Single by Bryson Tiller

from the album Trapsoul
- Released: May 20, 2015
- Recorded: 2014
- Length: 3:18
- Label: RCA
- Songwriters: Bryson Tiller; Mariah Carey; Johntá Austin; Bryan-Michael Cox; Jermaine Dupri; Tavoris Hollins, Jr.; Stuart Lowery; Isom Brandon Stewart;
- Producers: Epikh Pro; Dope Boi;

Bryson Tiller singles chronology
| "Lime Light" (2015) | "Don't" (2015) | "Exchange" (2016) |

Music video
- "Don't" on YouTube

= Don't (Bryson Tiller song) =

"Don't" is the debut single by American singer Bryson Tiller. It was released on May 20, 2015, as the first single for his debut studio album Trapsoul. The beat was composed and produced by Epikh Pro. The song contains an interpolation of "Shake It Off" by Mariah Carey on the second verse. This song peaked at number 13 on the US Billboard Hot 100, where it became Tiller's first top 20 hit.
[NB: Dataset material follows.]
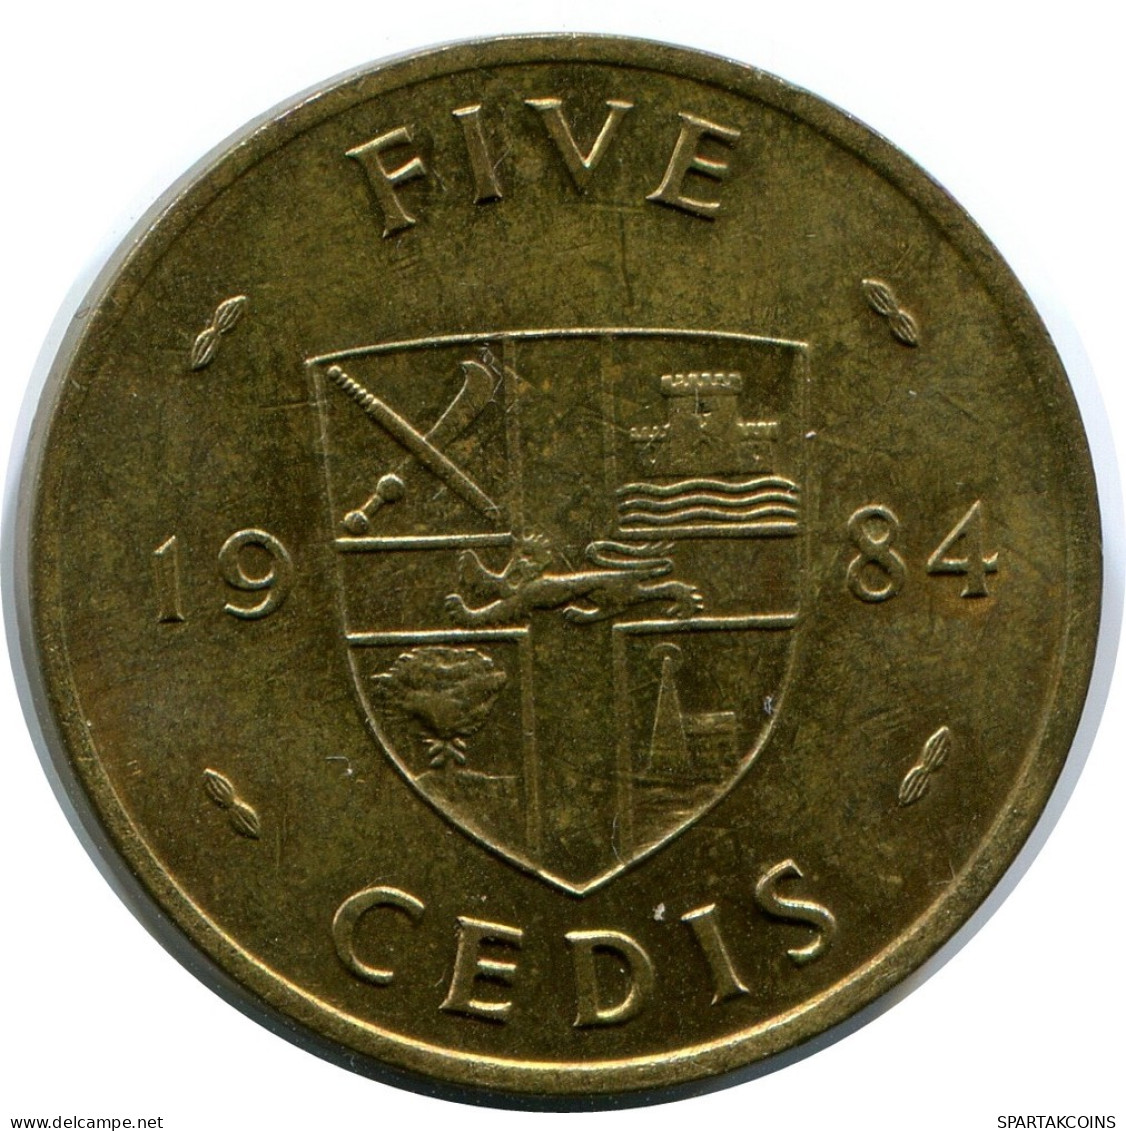 5 CEDIS 1984 GHANA Coin #AP884.U.A - Ghana

==Background and release==
Tiller originally released this song in October 2014 on his SoundCloud page and started receiving attention from internet-based fans and music industry insiders, accumulating 4 million streams in the first six months, and eventually reaching over 35 million streams. Tiller, after increased popularity of the single, admitted that he "made this shit in his living room".
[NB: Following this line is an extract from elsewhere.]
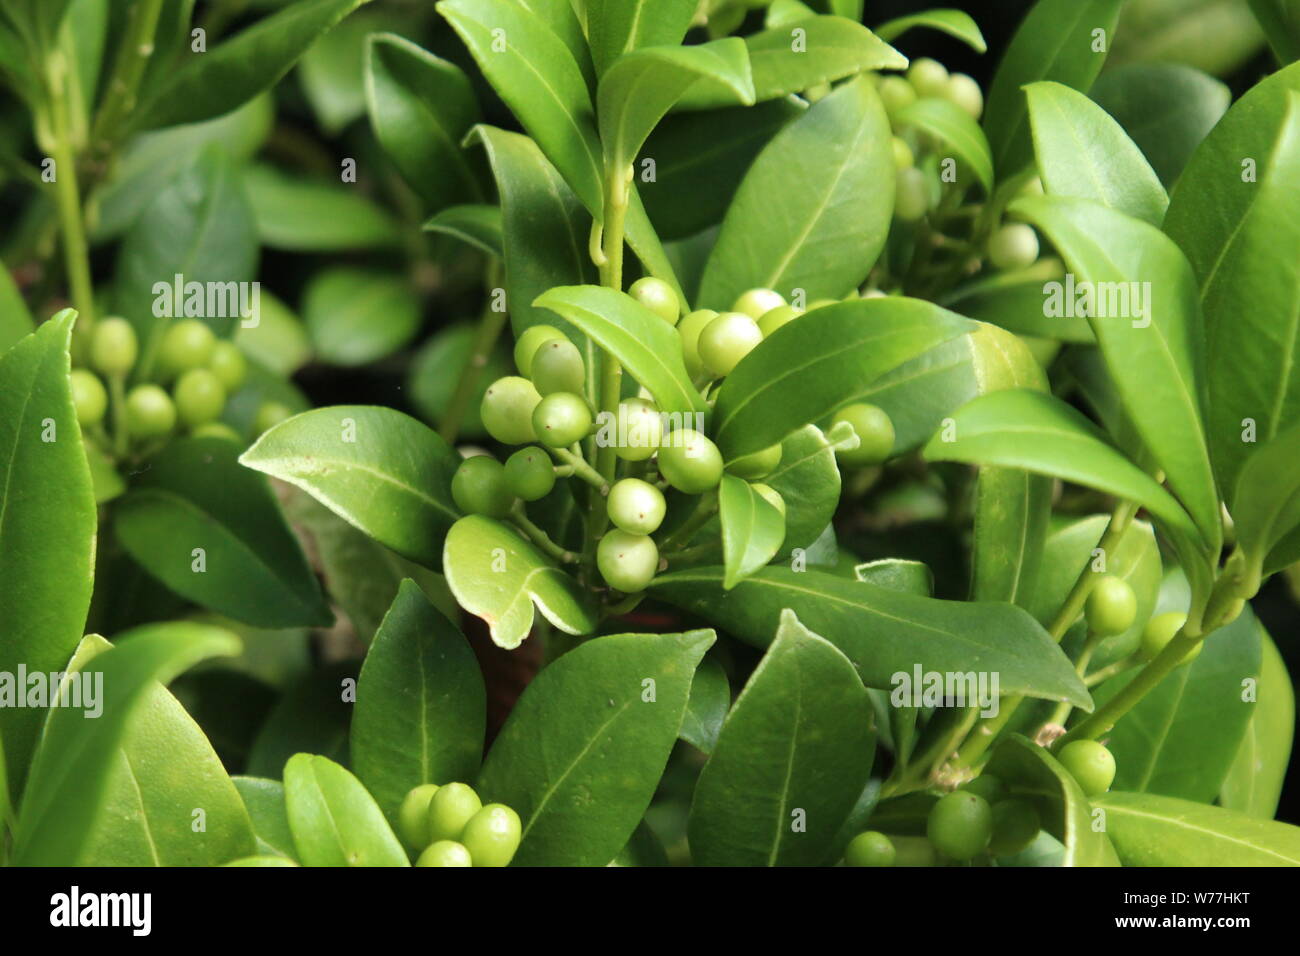 Close up de végétaux à feuilles vertes et les petites baies vertes Banque D'Images

In a 2024 interview with Complex magazine, Tiller said that he initially deleted "Don't" after playing for a circle of friends, and they showed no support. However, a friend called him to inform him that he played the track for girls on campus, and they loved it, and he convinced Tiller to re-upload the song.

==Music video==
The song's accompanying music video premiered on October 17, 2015, on Tiller's Vevo account on YouTube. Since its release, the video has received over 400 million views.

==Chart performance==
"Don't" debuted on the Billboard Hot 100 at number 84 for the chart dated October 17, 2015, and peaked at number 13 on the chart dated January 30, 2016, becoming his first top-twenty single on the chart. On November 16, 2017, the single was certified quadruple platinum by the Recording Industry Association of America (RIAA) for combined sales and streaming equivalent units of over four million copies in the United States.

==Charts==

===Weekly charts===

| Chart (2015–2016) | Peak position |
|---|---|
| Canada Hot 100 (Billboard) | 52 |
| Netherlands (Single Top 100) | 84 |
| Sweden Heatseeker (Sverigetopplistan) | 9 |
| UK Singles (Official Charts) | 71 |
| UK Hip Hop/R&B (Official Charts) | 13 |
| US Billboard Hot 100 | 13 |
| US Hot R&B/Hip-Hop Songs (Billboard) | 4 |
| US Rhythmic Airplay (Billboard) | 10 |

===Year-end charts===

| Chart (2016) | Position |
|---|---|
| US Billboard Hot 100 | 35 |
| US Hot R&B/Hip-Hop Songs (Billboard) | 14 |

==Certifications==

| Region | Certification | Certified units/sales |
| Australia (ARIA) | Platinum | 70,000^{‡} |
| Canada (Music Canada) | 8× Platinum | 640,000^{‡} |
| Denmark (IFPI Danmark) | Platinum | 90,000^{‡} |
| New Zealand (RMNZ) | 5× Platinum | 150,000^{‡} |
| Portugal (AFP) | Platinum | 20,000^{‡} |
| United Kingdom (BPI) | 2× Platinum | 1,200,000^{‡} |
| United States (RIAA) | 15× Platinum | 15,000,000^{‡} |
^{‡} Sales+streaming figures based on certification alone.